Along the way, the protagonist needs some help. Provide a confidant or a sidekick to support them in this quest. You need this character so that your hero does not spend too much time alone thinking about things. The friend is a sounding board for the main character. As Chuck Palahniuk says: ‘One of the most-common mistakes that beginning writers make is leaving their characters alone. Writing, you may be alone. Reading, your audience may be alone. But your character should spend very, very little time alone. Because a solitary character starts thinking or worrying or wondering.’

4. The Love Interest

To make your protagonist three-dimensional and to complicate their life, you should add a love interest to the mix. This character reveals the protagonist’s strengths and more importantly, their weaknesses. (Suggested reading: The Romantic Sub-Plot) Please remember that the character we use for this device does not have to be a romantic love interest. It just has to be somebody who is able to make your hero act irrationally and unreliably. Love makes fools of all of us. As Ernest Hemingway wrote: ‘I am so in love with you that there isn’t anything else.’

Why Are These Four Main Characters Important?

As literary devices, the main characters force us to show and not tell.
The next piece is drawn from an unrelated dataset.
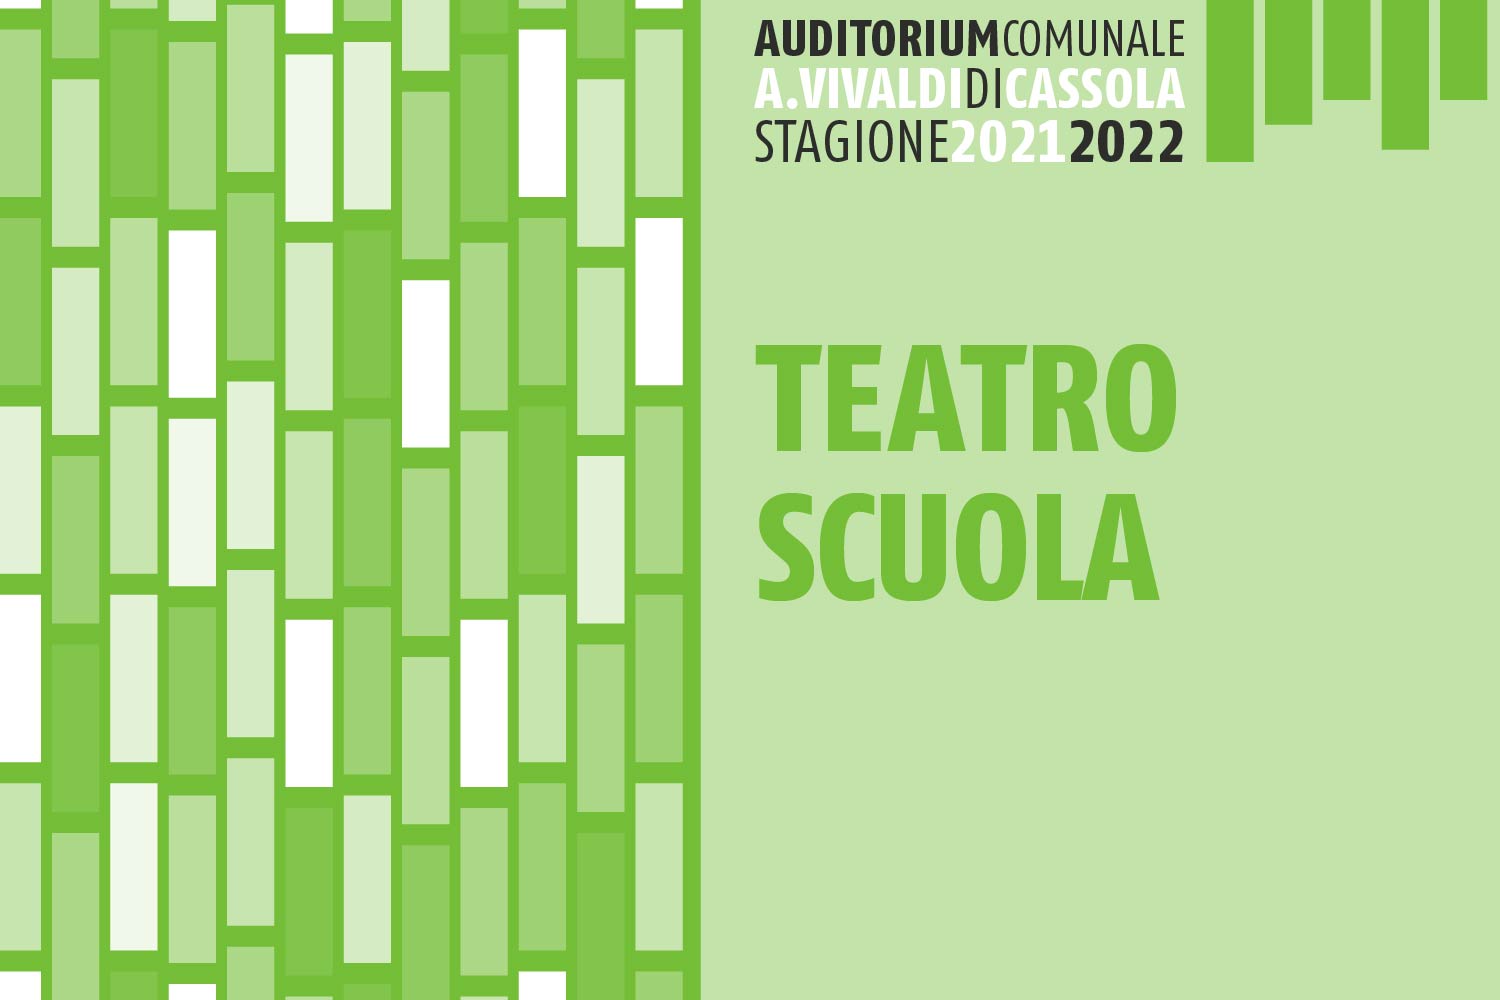 teatro_scuola_2021_2022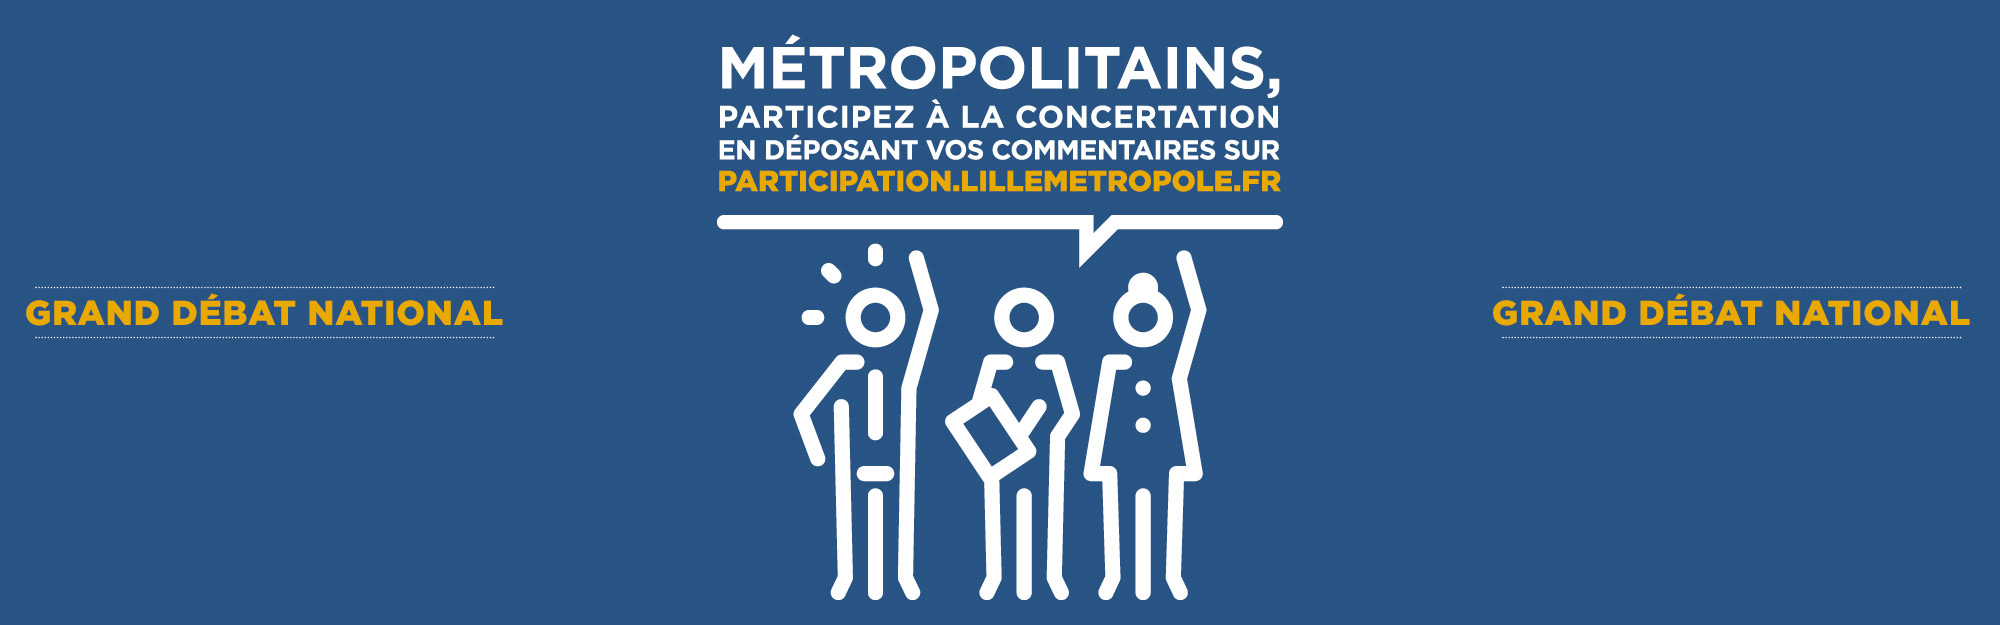 La Métropole Européenne de Lille ouvre sa plateforme de participation citoyenne pour permettre aux habitants des 90 communes de la MEL de s’exprimer dans le cadre du Grand Débat National

The nature of the relationship between the protagonist and the other three leads to tangible interactions.

We have to talk to these characters and interact with them. We cannot avoid our worst enemies if they are determined to find us. We cannot ignore our best friends, unless we are prepared to risk losing those friendships. We cannot abandon the people we love most if we are human. (Suggested reading: The 3 Most Effective Types of Inner Conflict)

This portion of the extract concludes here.